Я воздел руки к потолку:
– Улыбнулся не вовремя! Да кто ж знал, что…
– Он смеялся над нами, да еще и театром дразнил! Гуманитарий! – крикнула Ира.
Семен Михайлович сглотнул слюну и произнес нарочито спокойно:
– Послушай меня внимательно, будущее российской науки. Ты уже второй год диссертацию домучить не можешь, ты не ученый, ты аспирантка, а хамишь, между прочим, кандидату филологических наук, который при защите ни копейки никому не заплатил, да и банкет, если верить моим ваковским друзьям, устроил вопиюще скромный. В столовой факультета, если не ошибаюсь.
Я подорвался с дивана:
– Трудные были времена! Первый год после вуза…
Семен Михайлович жестом усадил меня обратно.
– Так что не надо рассказывать нашему гостю про ваковскую «кухню». Он разбирается в ней получше тебя, поэтому и улыбается! Кстати, этот гуманитарий таблицу квадратов до сотни в уме щелкает! Вернись, пожалуйста, к работе. Ты меня очень разочаровала. А вас, Дмитрий, я попрошу посидеть в этом террариуме еще десять минут. Мне нужно привести себя в порядок и сделать несколько звонков. Потом добро пожаловать в мой кабинет.
То тебе шикарный цветник, то террариум.
Попили чайку!
Ольга Гаврилова отвернулась от монитора и поманила меня жестом.
– Дмитрий, идите ко мне! Я новую главу начала. Смотрите, сейчас в пэдээфе покажу. Красиво получилось!
– И у меня новая глава! – донеслось с другой стороны стола.
– И у меня посмотрите. Вы таких формул еще не видели!
– И у меня!
– У меня тоже интересно!
– Давайте же, Дмитрий!
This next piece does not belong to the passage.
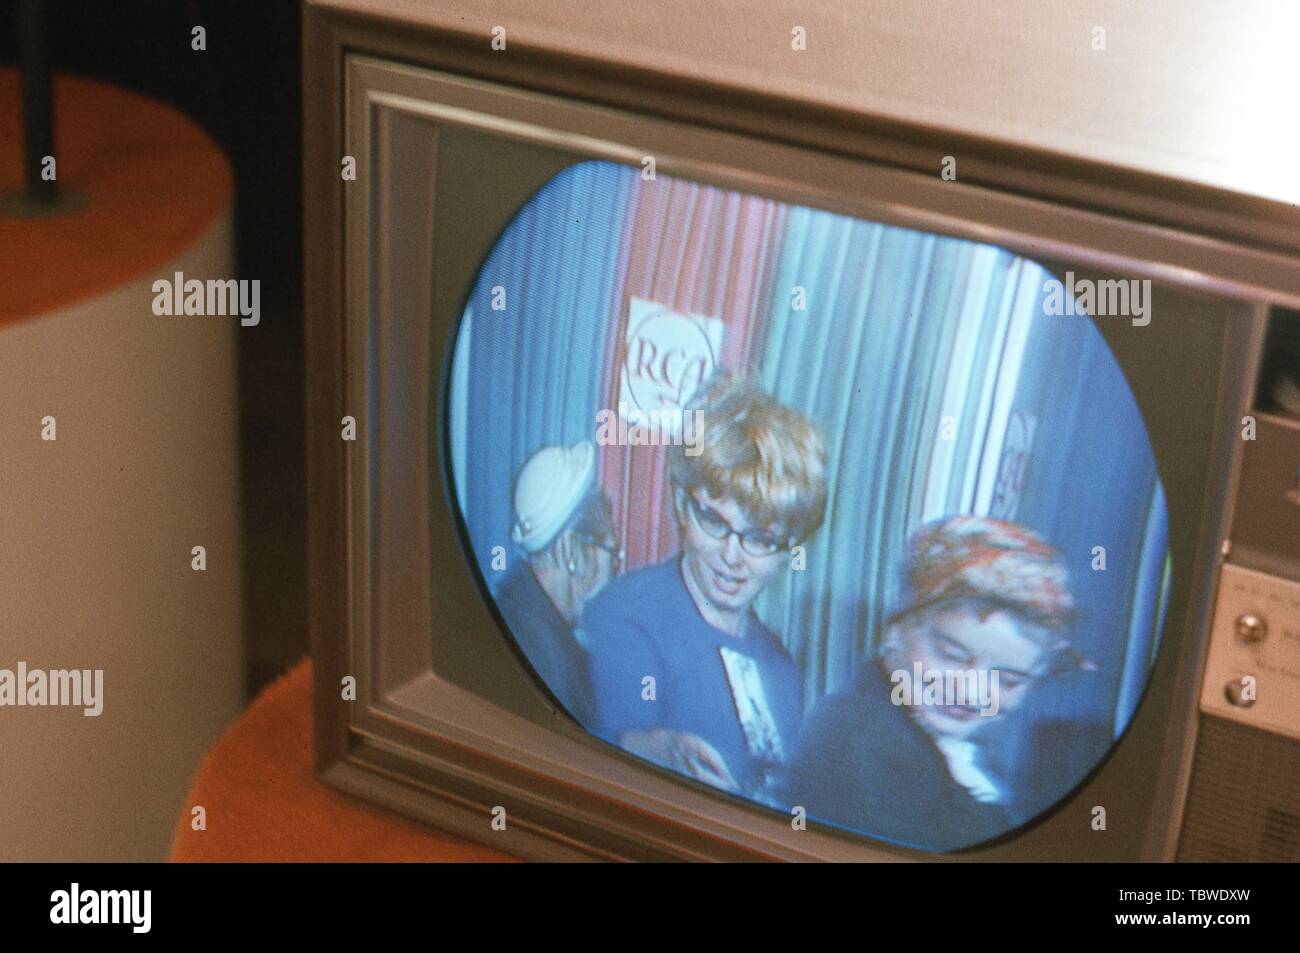 Besucher sehen sich Broadcast in Farbe zum ersten Mal vom Monitor Sets Futter der Eingang zum Fernseher Communications Center Exponat auf der RCA-Pavillon der Messe in New York World's, Flushing Meadows, Queens, New York, August, 1965. () Stockfoto

Видите, как вас девушки упрашивают? Пройдите еще кружочек, потыкайте пальцем в мониторы. Ну же! Спросите у нас что-нибудь! Когда к нам еще такого журналиста-парашютиста пришлют?
Встал и пошел смотреть. В мониторы не тыкал. Вопросы не задавал. Сами все разъясняли и показывали. Стрекотали, как пулемет.
Приблизился к Ире. Монитор выключен. Сидит – не шелохнется. Зыркнула на меня и снова в одну точку уставилась. Осторожно обошел, демонстрируя поднятые ладони, и утонул в нелинейных дифурах Маши Солодкиной.
Закруглился через полчаса. Вежливо попрощался с девушками, пожелал им успехов и отправился к Семену Михайловичу.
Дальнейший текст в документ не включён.